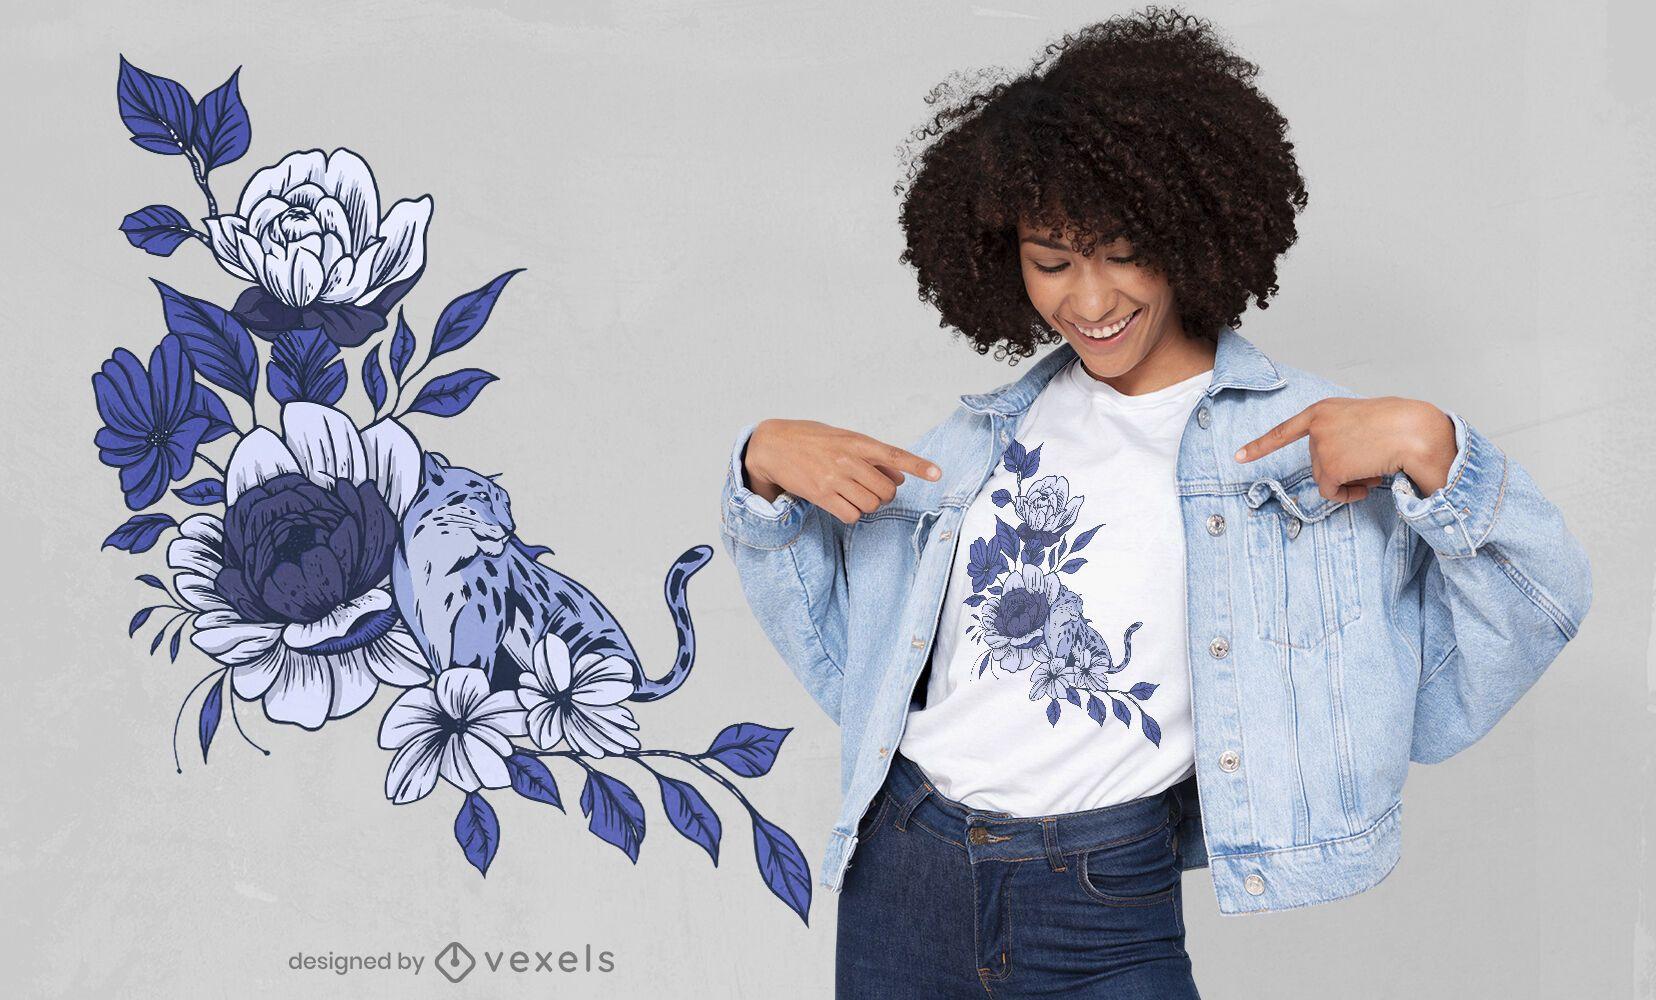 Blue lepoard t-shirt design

========================

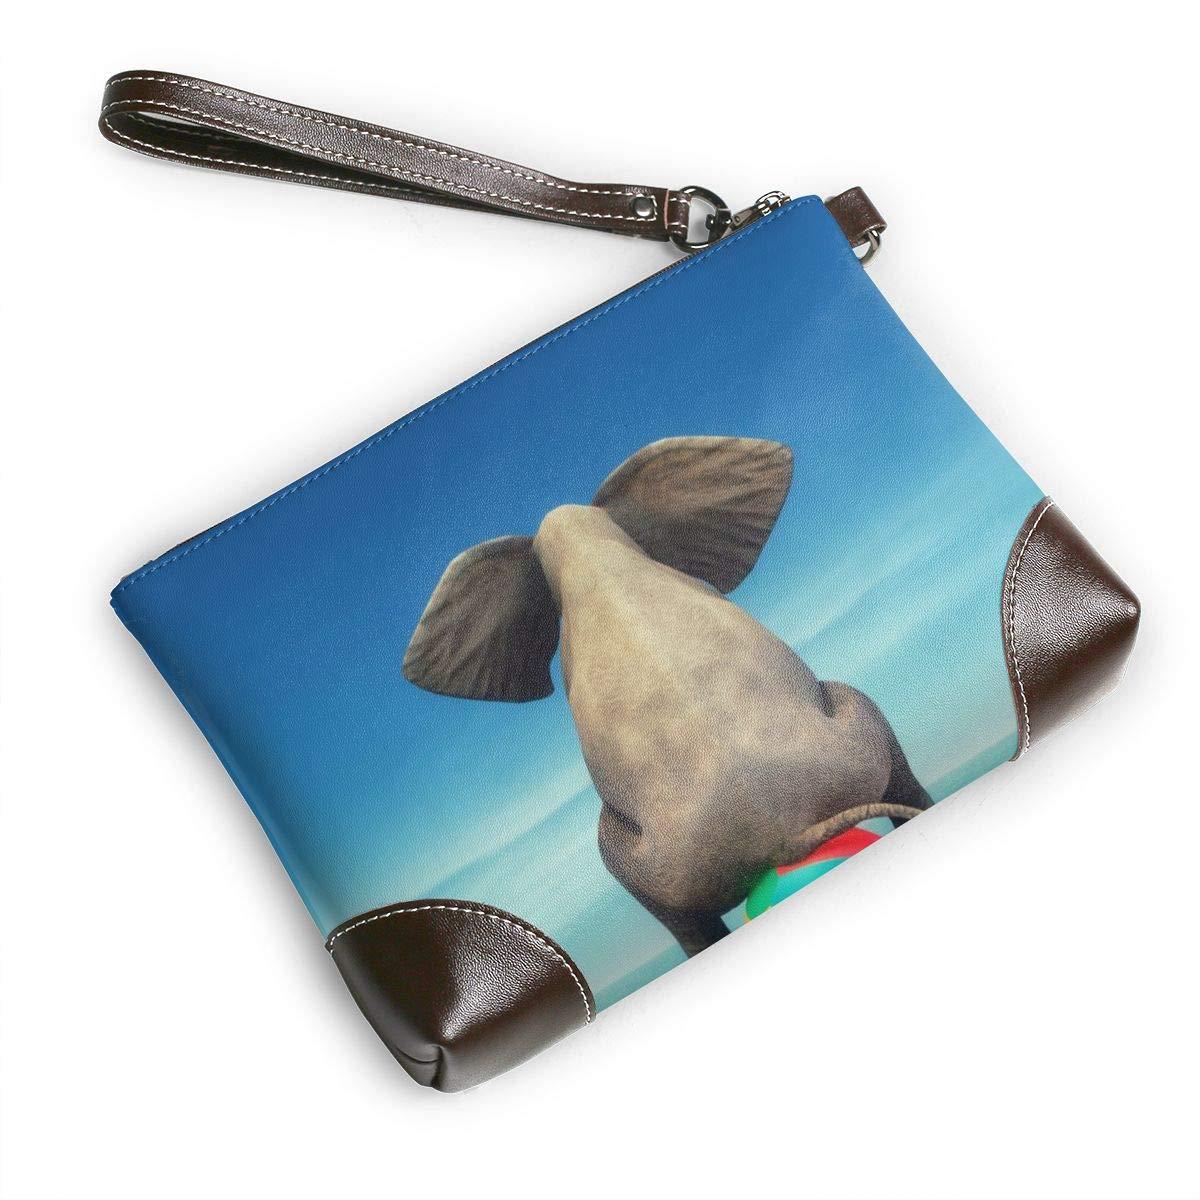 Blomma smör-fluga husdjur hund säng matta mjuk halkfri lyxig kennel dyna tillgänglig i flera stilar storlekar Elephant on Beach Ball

========================

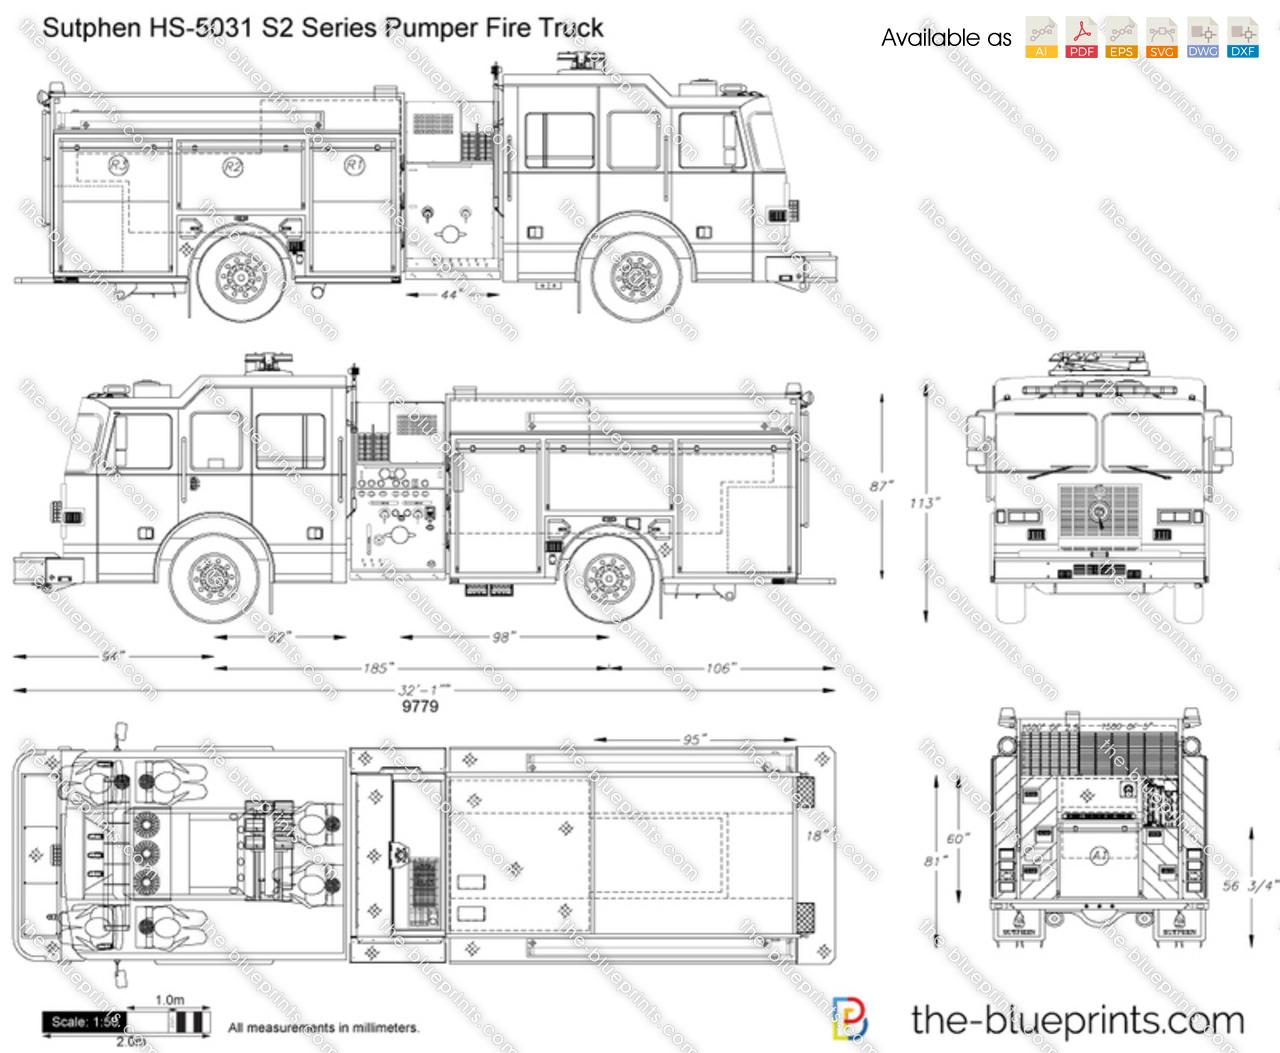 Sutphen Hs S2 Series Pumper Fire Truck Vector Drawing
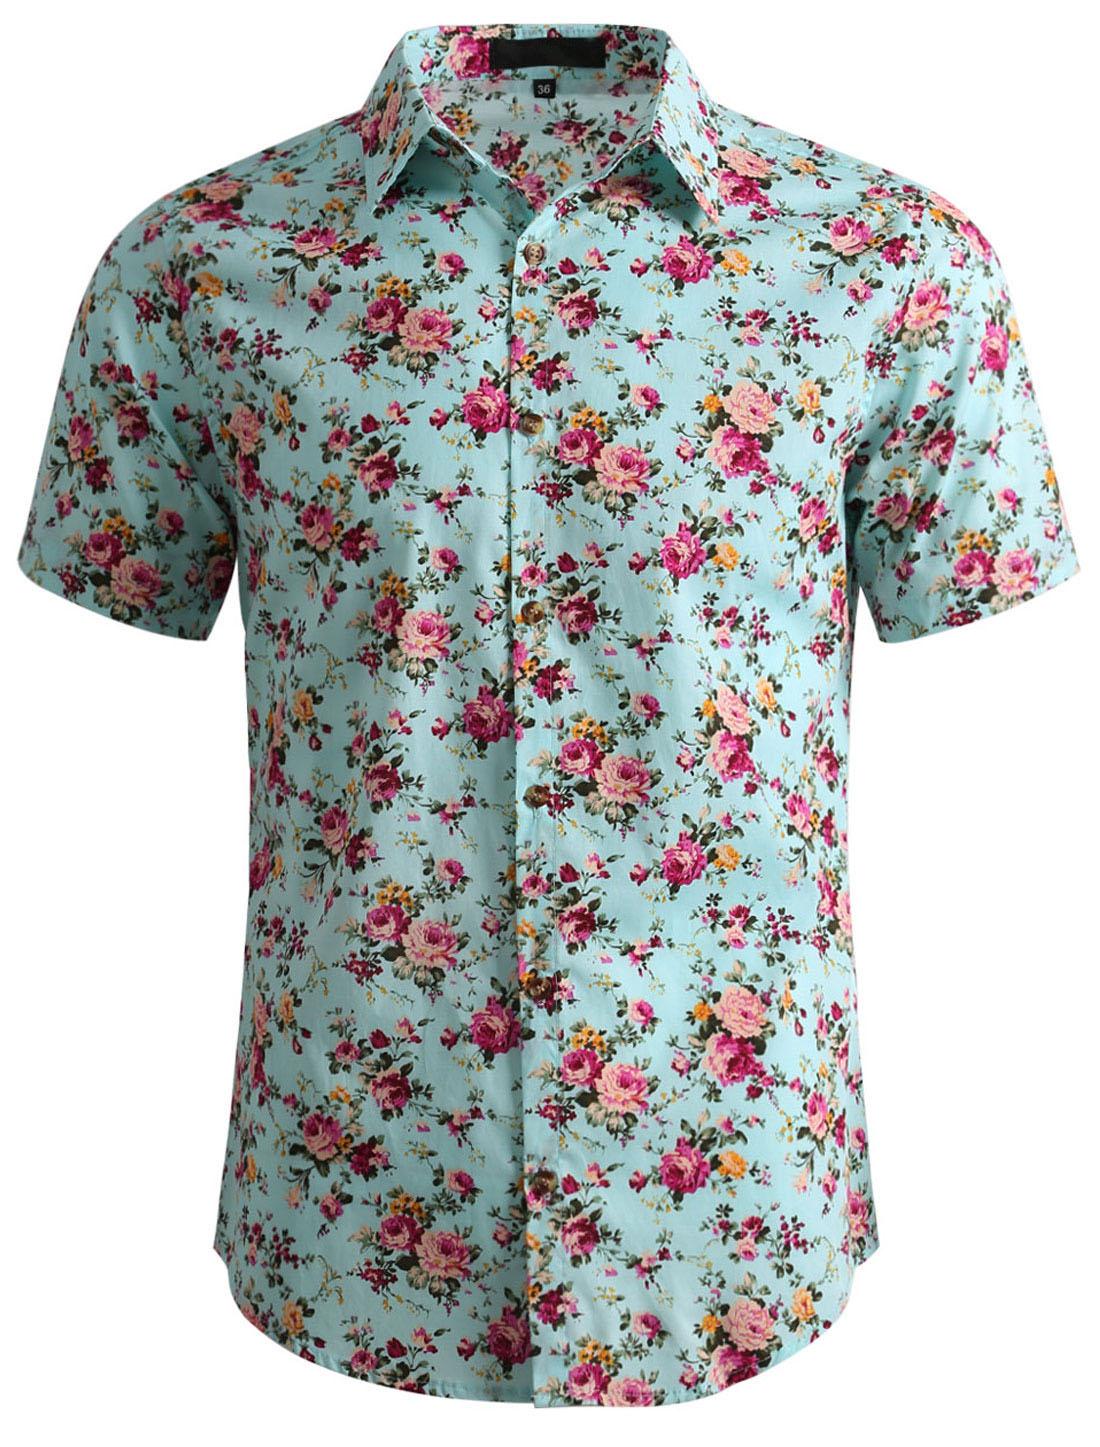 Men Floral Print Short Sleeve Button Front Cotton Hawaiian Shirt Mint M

========================

Problem description: Please print the lines above word for word, starting at the one with "Sutphen Hs S2" and ending at the one with "Men Floral Print", both included, and without any picture.

Result:
 Sutphen Hs S2 Series Pumper Fire Truck Vector Drawing
 Men Floral Print Short Sleeve Button Front Cotton Hawaiian Shirt Mint M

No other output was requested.